**INSTRUCTIONS TO FOLLOW:** Would you repeat word for word the lines of the listing that follows, from the one with "Psychological Investigations: an" up to and including the one with "Thor: The Dark", and leave out the images?

**EXCERPTED RECORDS:**
● ● ●

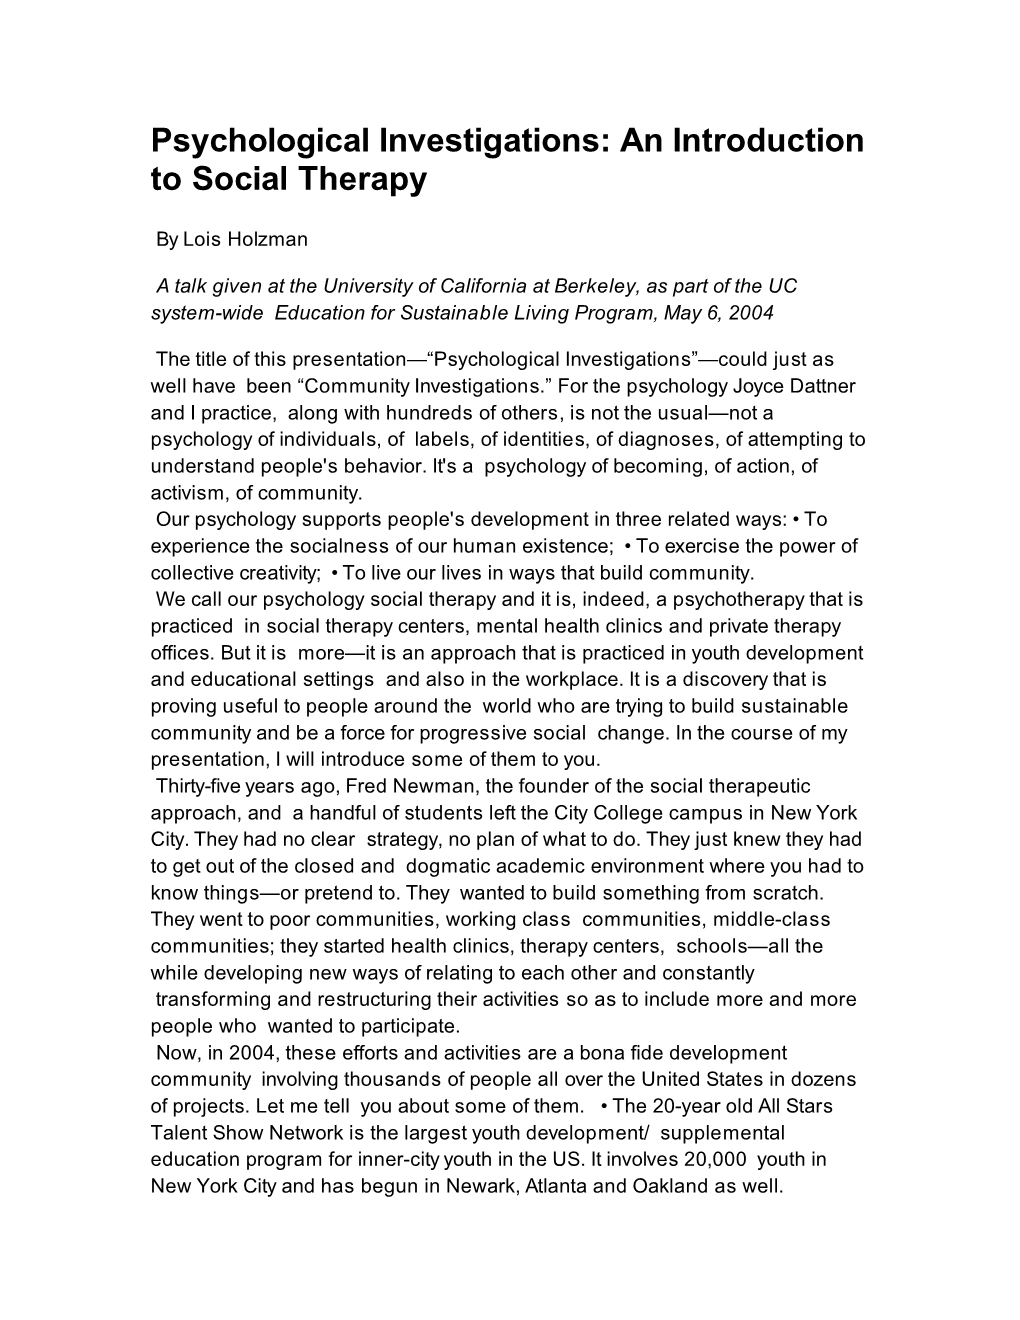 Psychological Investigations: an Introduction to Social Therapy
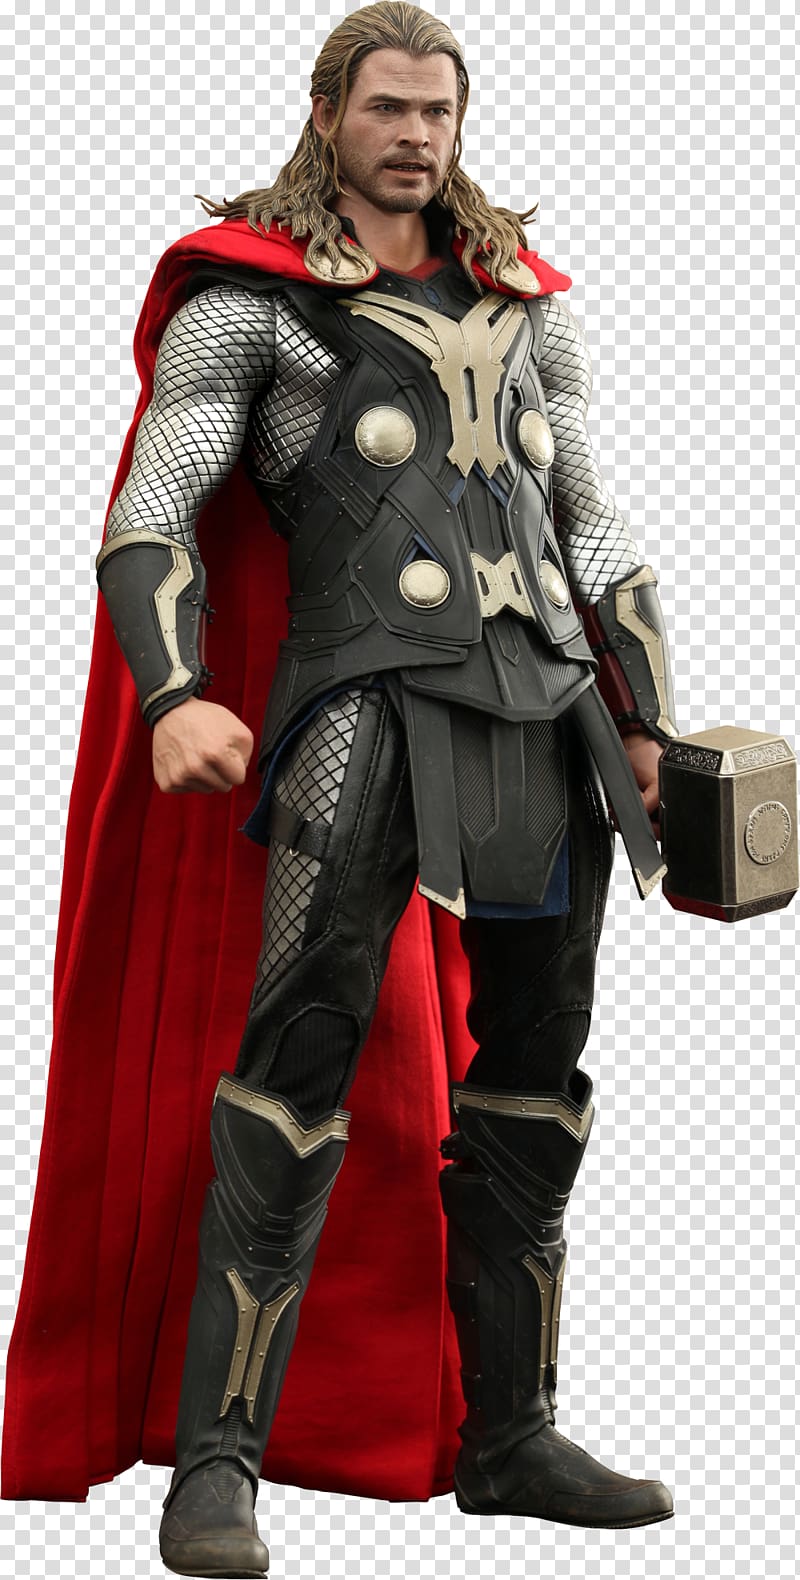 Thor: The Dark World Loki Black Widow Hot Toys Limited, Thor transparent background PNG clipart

● ● ●

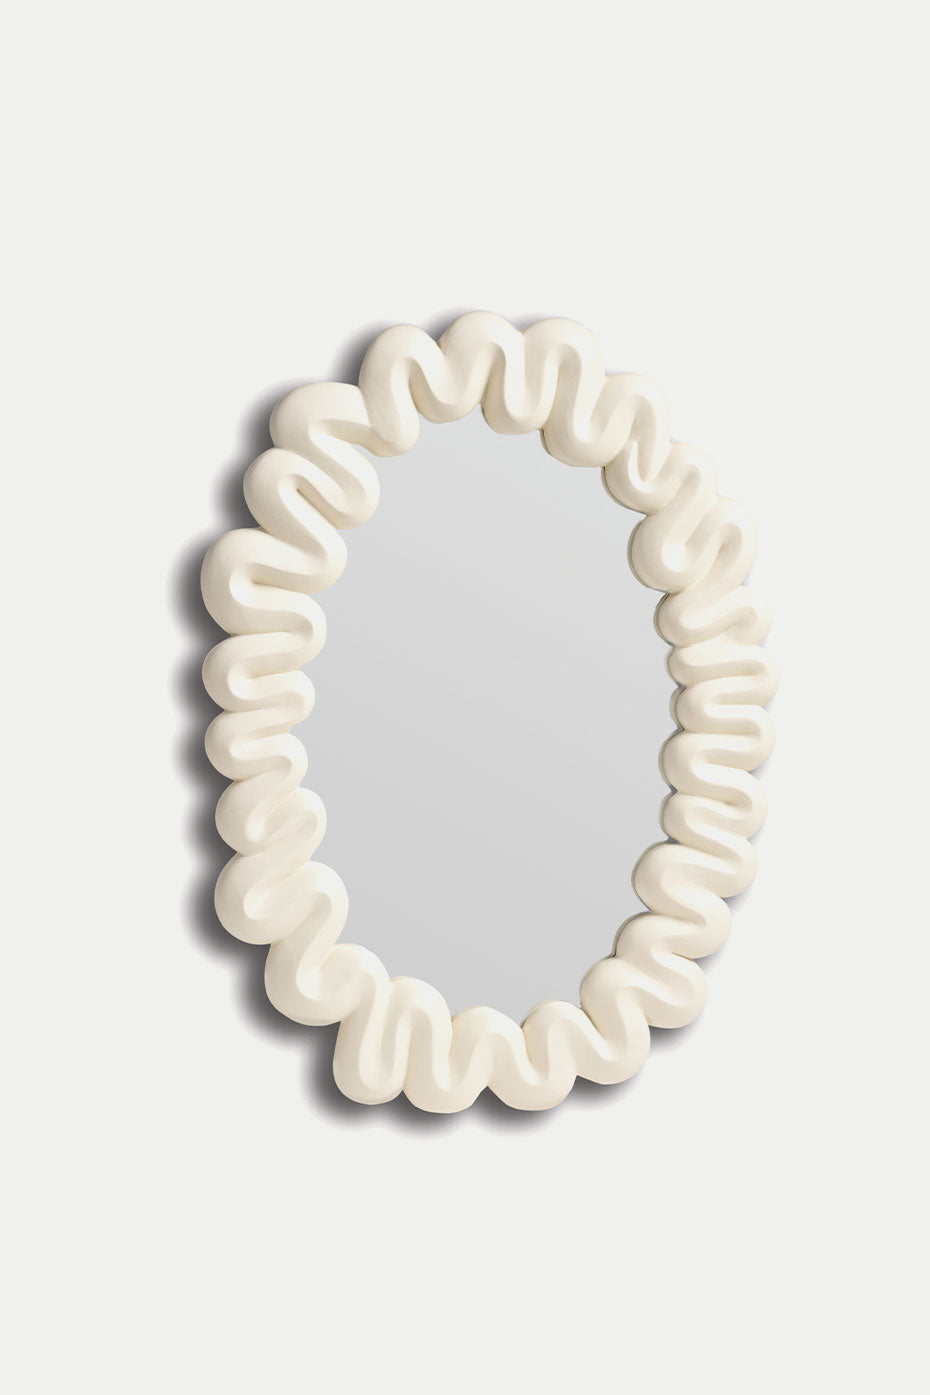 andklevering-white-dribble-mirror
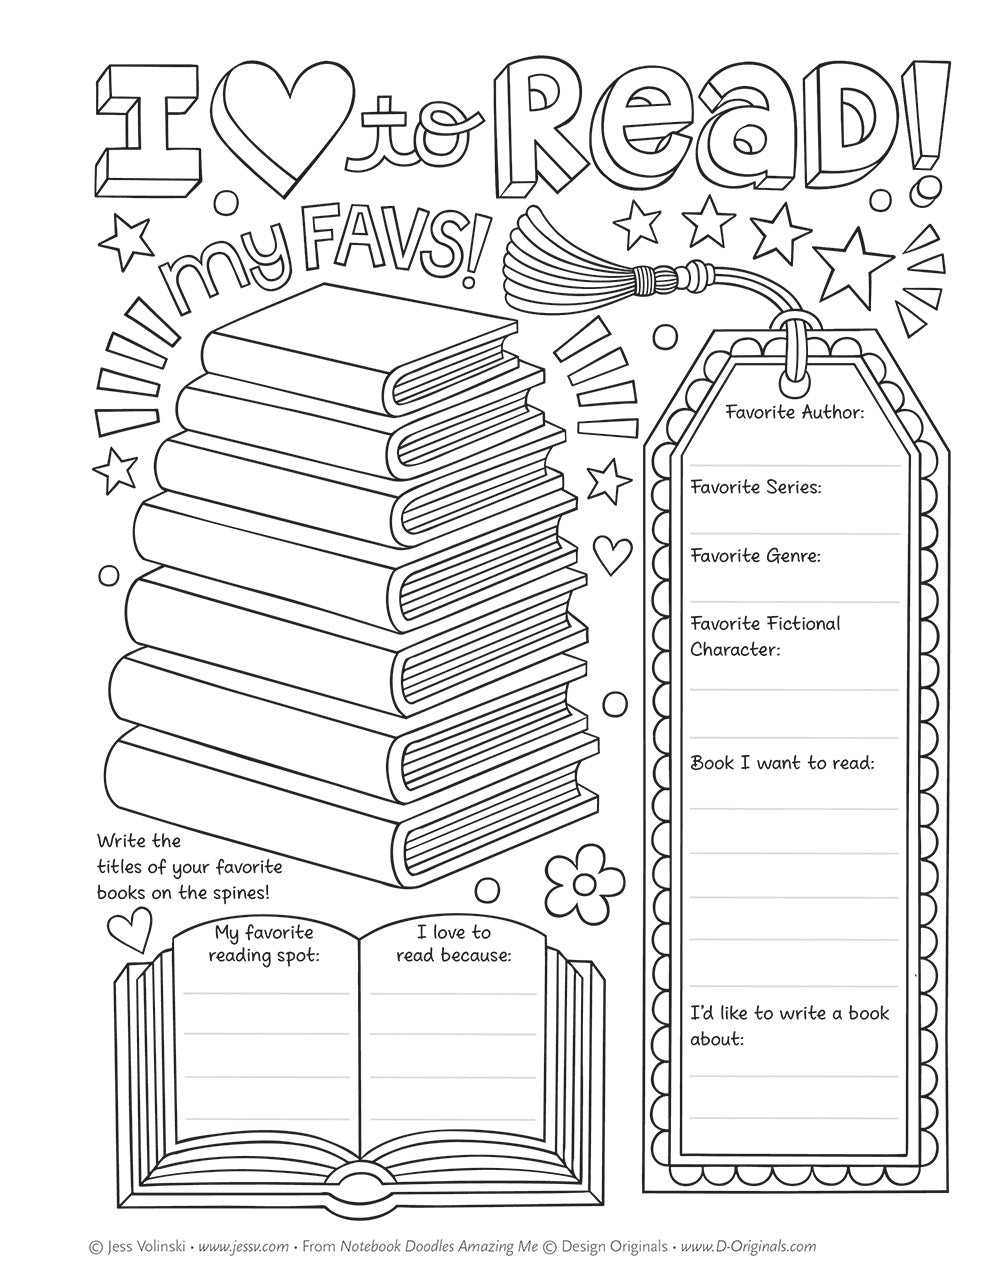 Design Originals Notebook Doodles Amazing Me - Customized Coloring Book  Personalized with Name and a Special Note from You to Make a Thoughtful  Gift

● ● ●

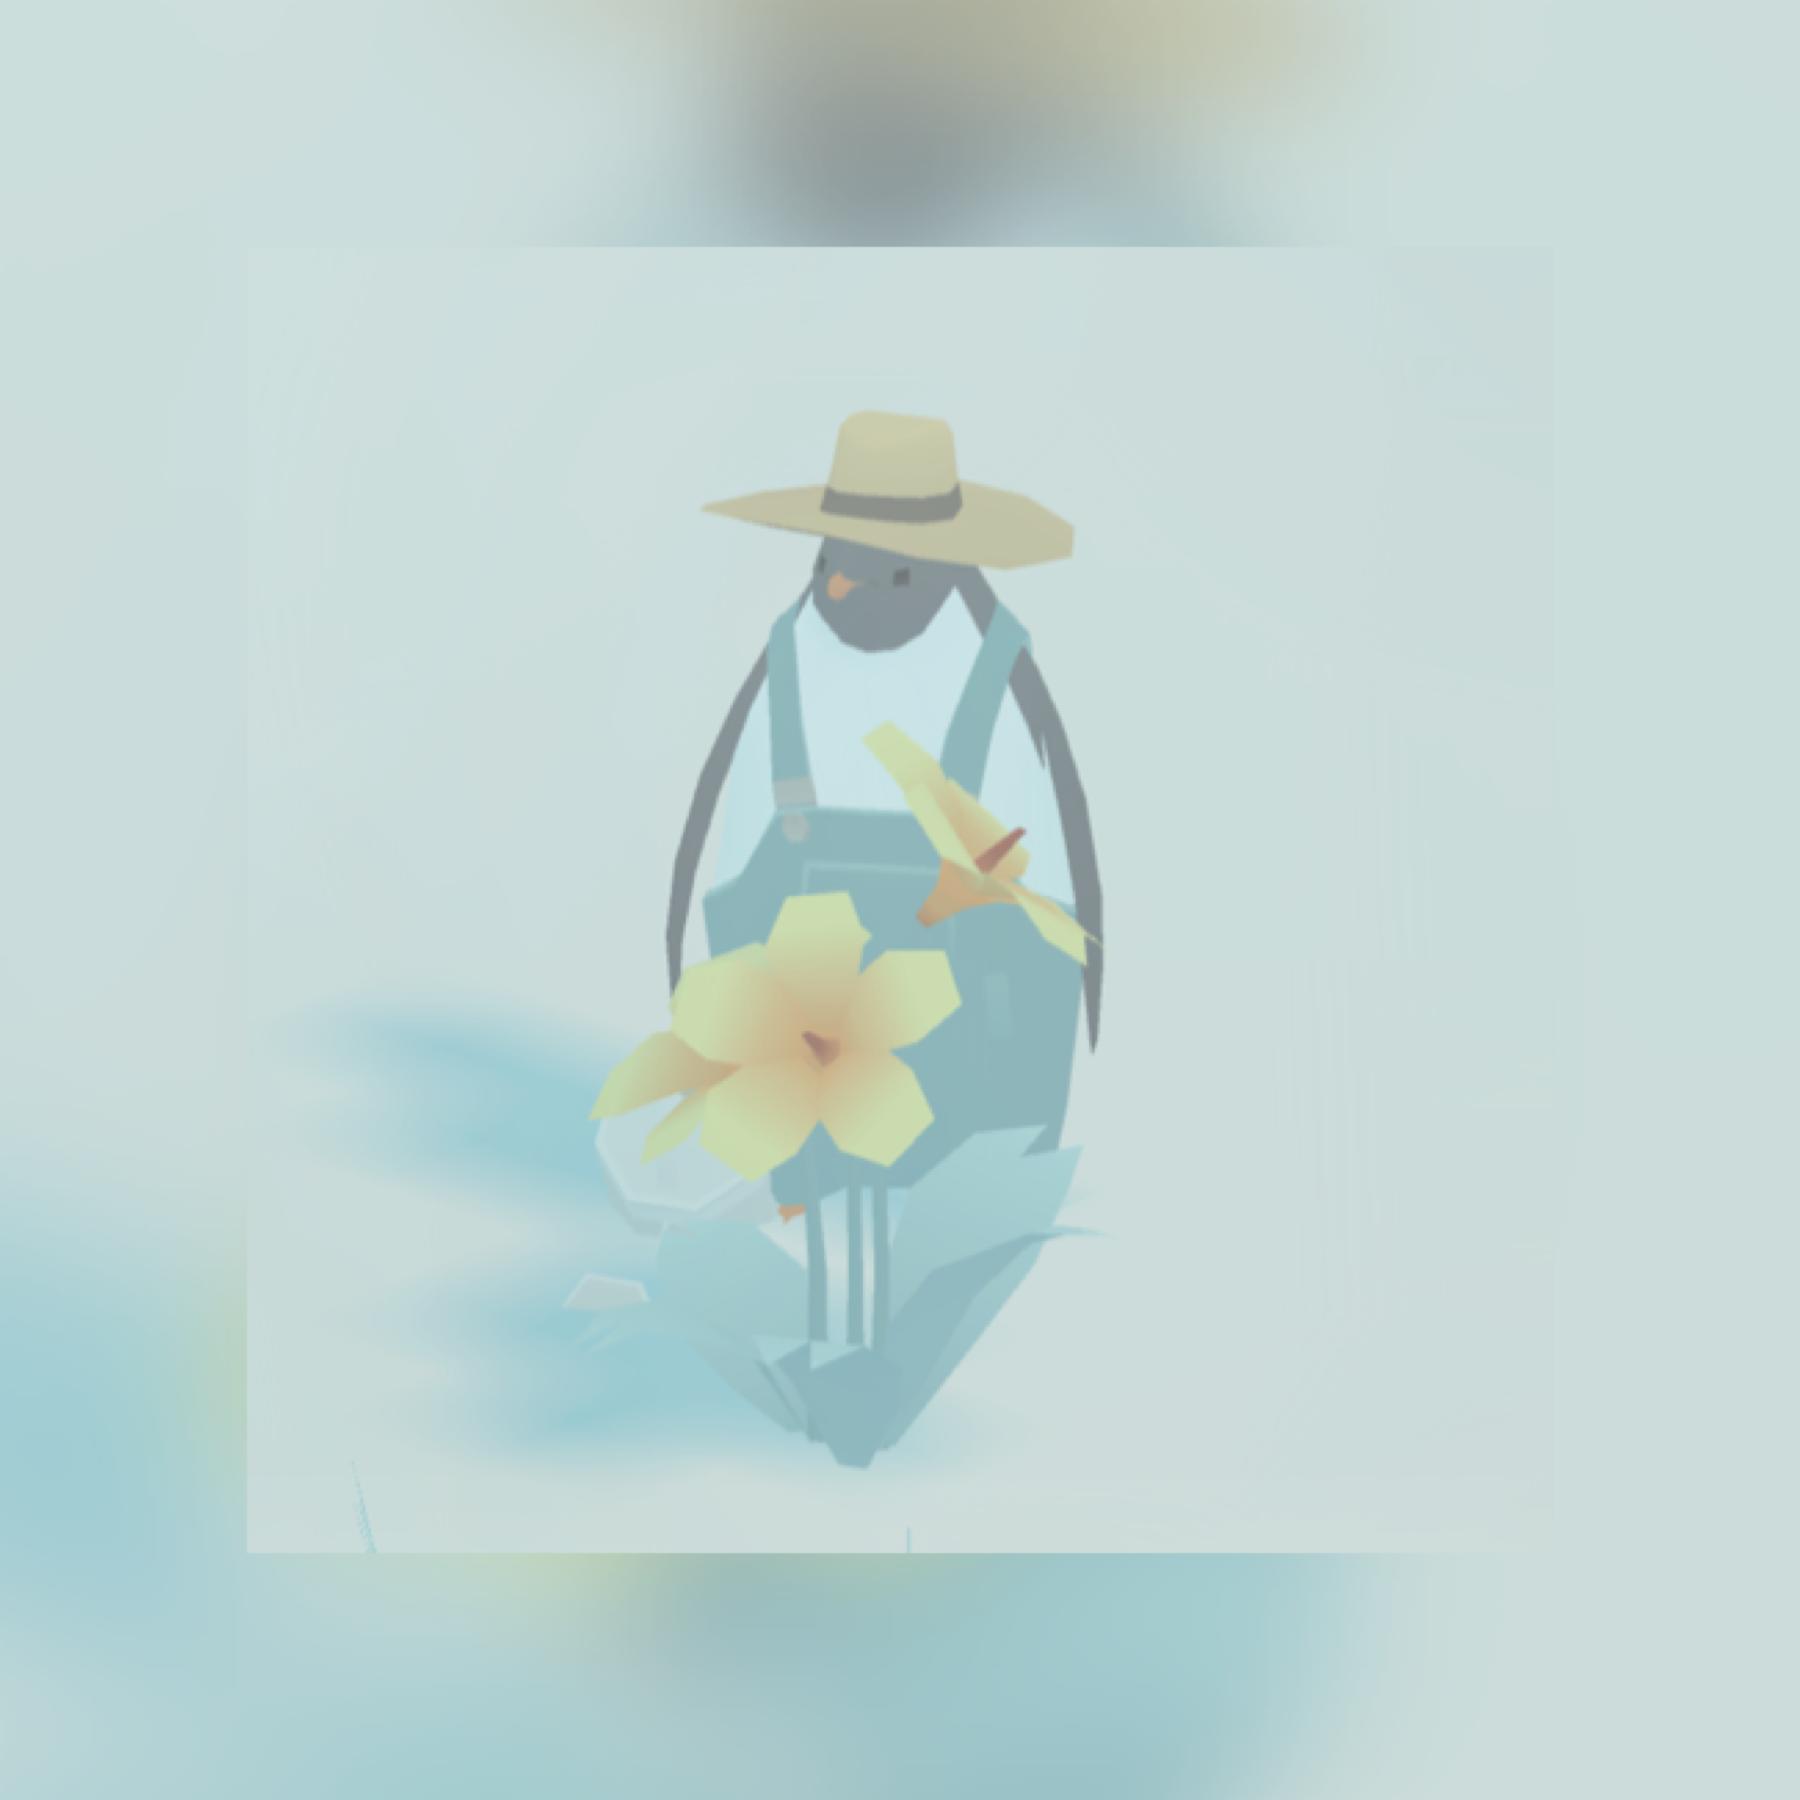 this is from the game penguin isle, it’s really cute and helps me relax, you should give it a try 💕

● ● ●

**ANSWER FOR THE TASK:**
 Psychological Investigations: an Introduction to Social Therapy
 Thor: The Dark World Loki Black Widow Hot Toys Limited, Thor transparent background PNG clipart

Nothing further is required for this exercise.